Assigned task
No pictures belong in the copy. Retype exactly, and only, the stretch of lines below from the one with "Desplazamiento en tiempo" through the one with "thames path walking holiday - boat".

Task inputs
--
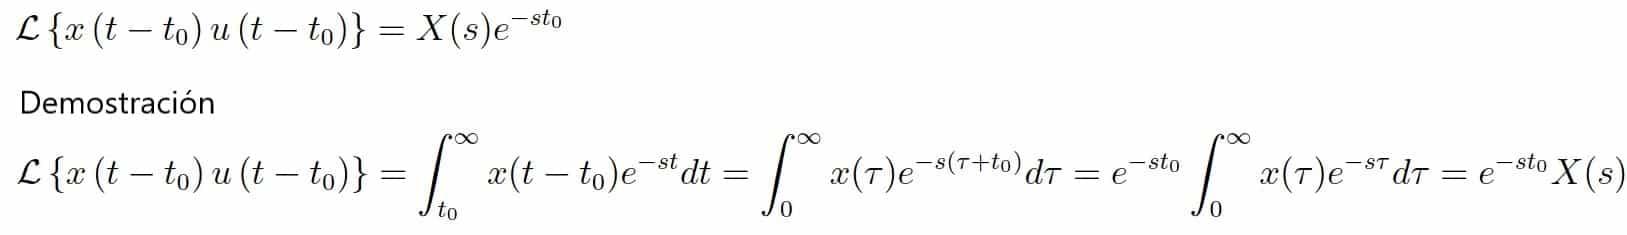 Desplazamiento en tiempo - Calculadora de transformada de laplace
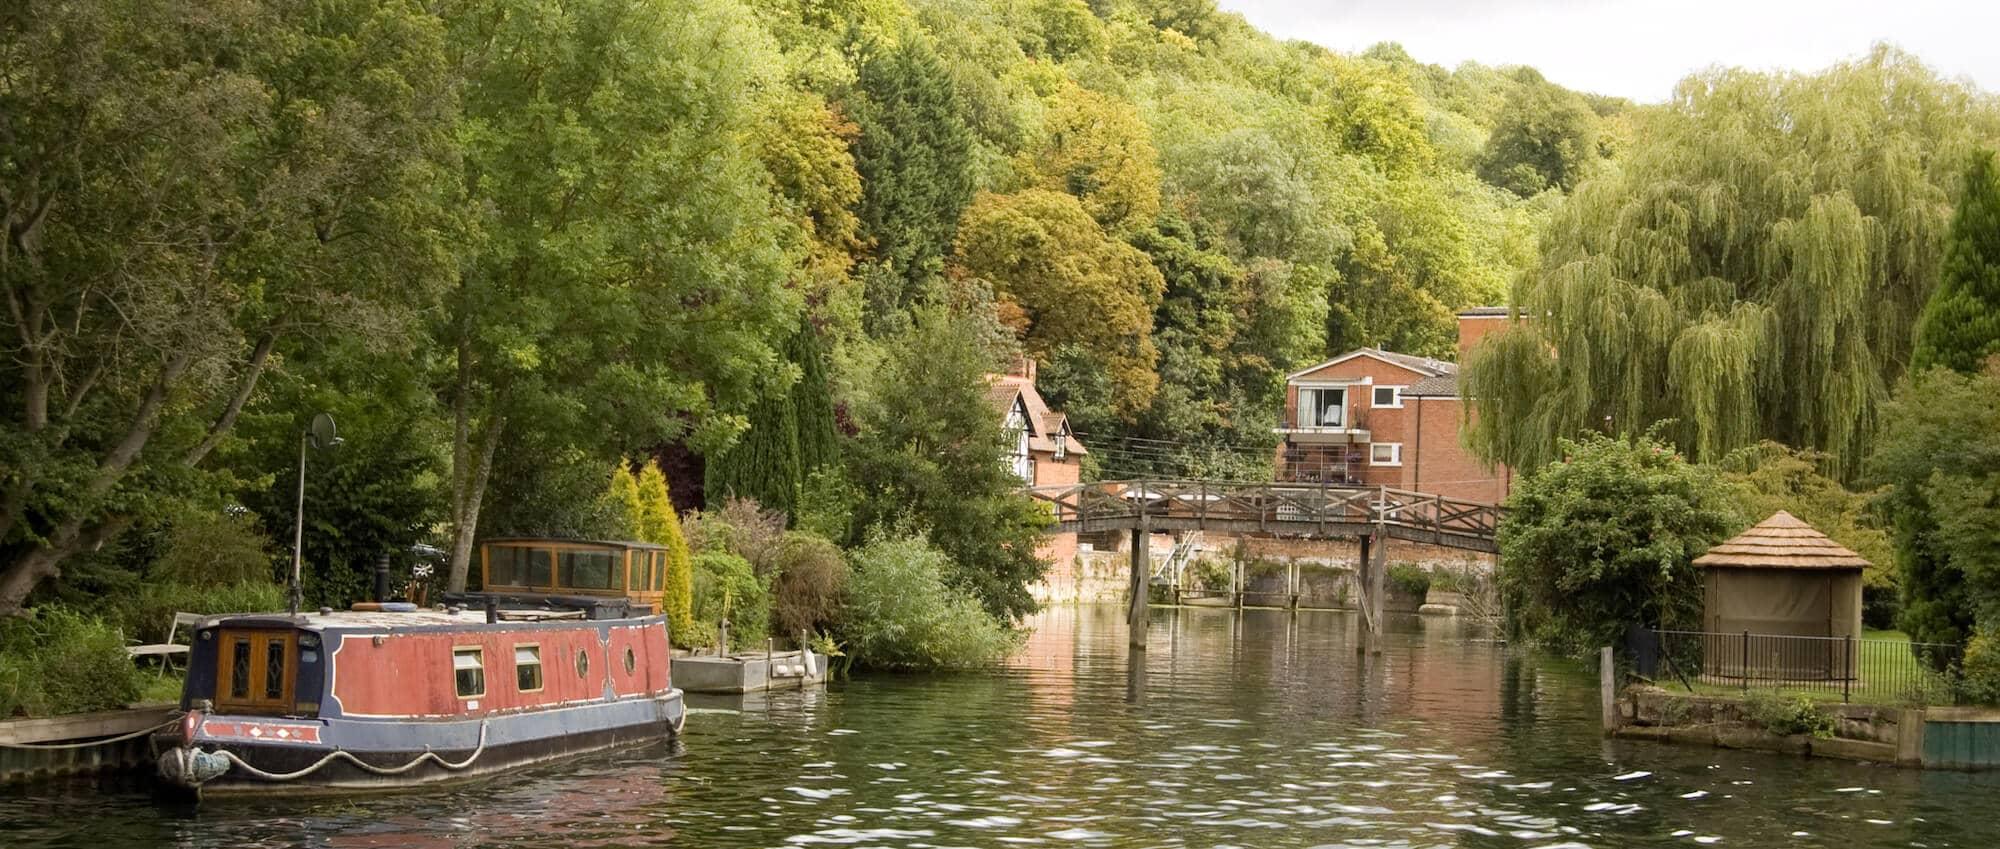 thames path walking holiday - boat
--
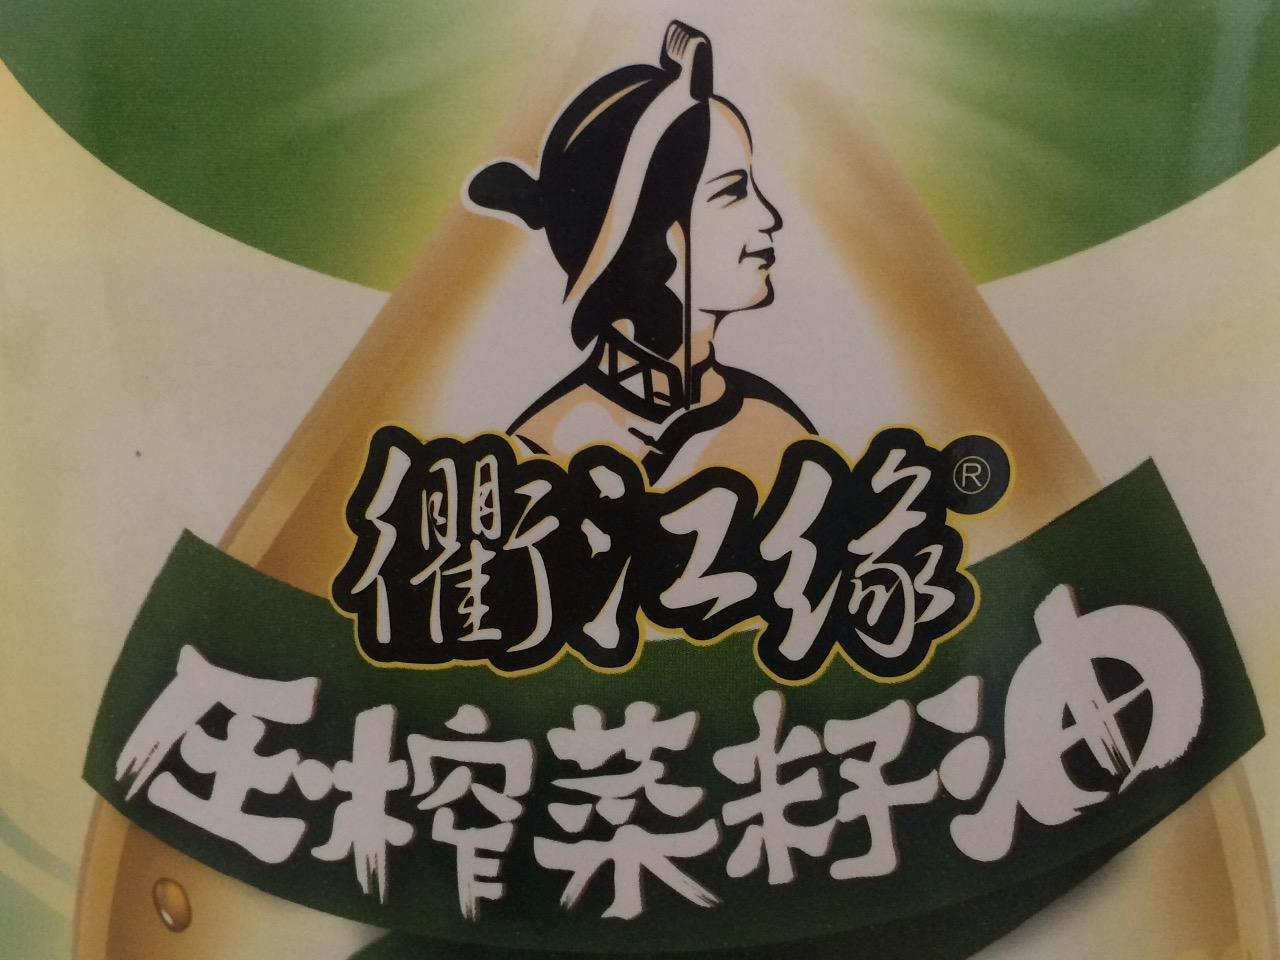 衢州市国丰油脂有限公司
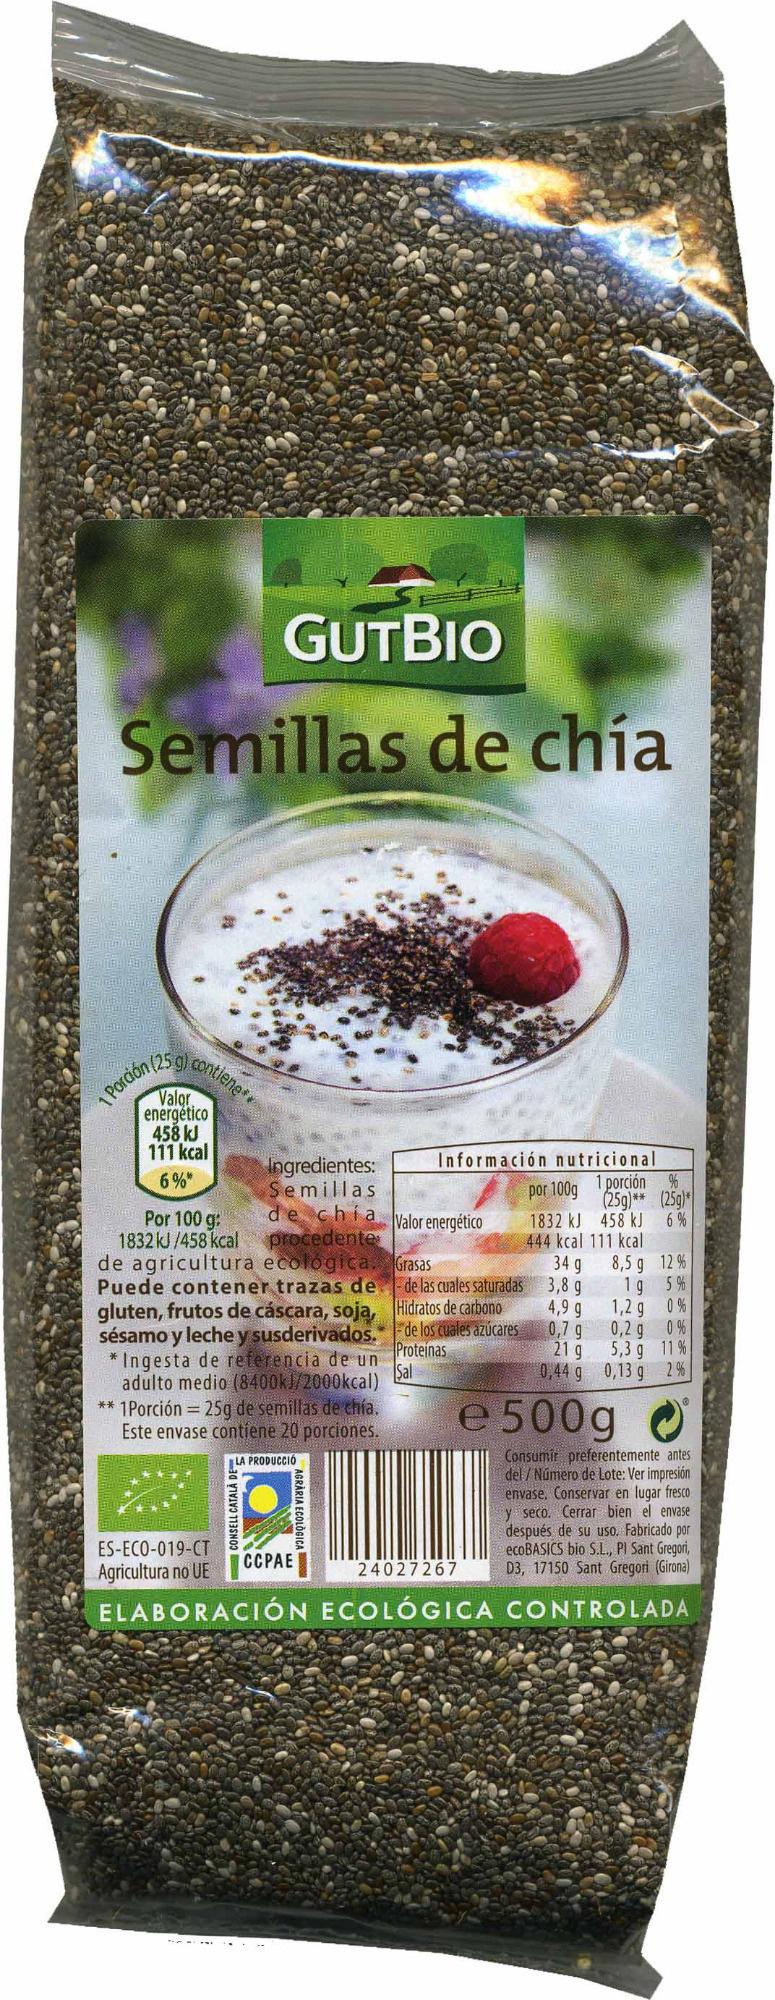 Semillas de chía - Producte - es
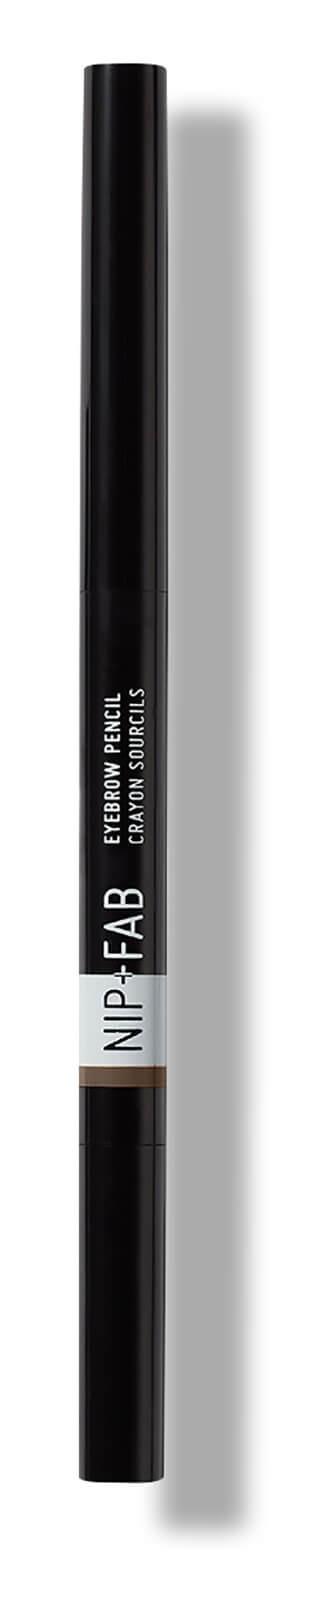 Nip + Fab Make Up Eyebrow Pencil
--
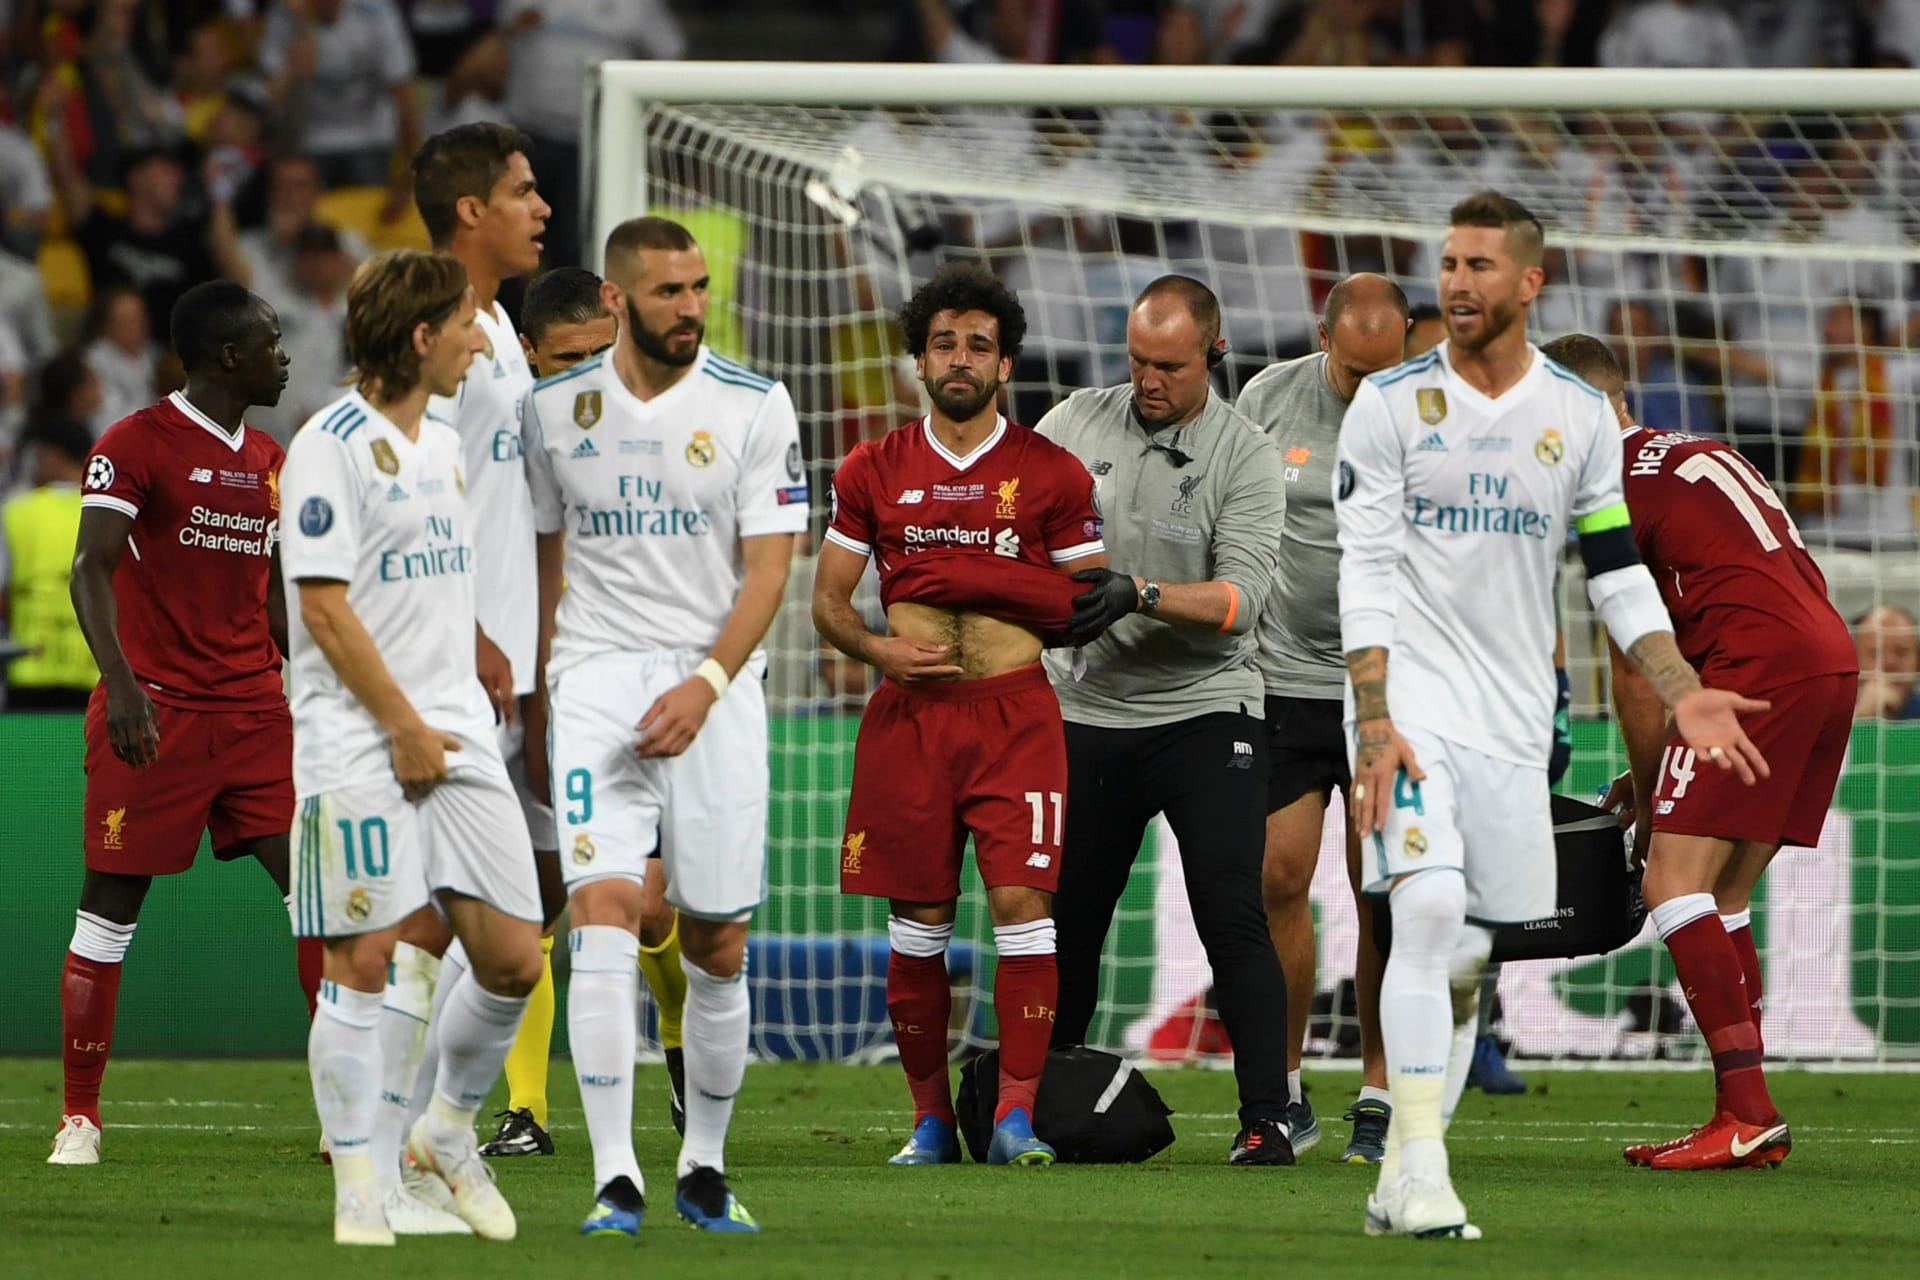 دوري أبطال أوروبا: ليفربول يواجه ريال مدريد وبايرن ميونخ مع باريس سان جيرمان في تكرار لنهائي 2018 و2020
--
Response
 Desplazamiento en tiempo - Calculadora de transformada de laplace
 thames path walking holiday - boat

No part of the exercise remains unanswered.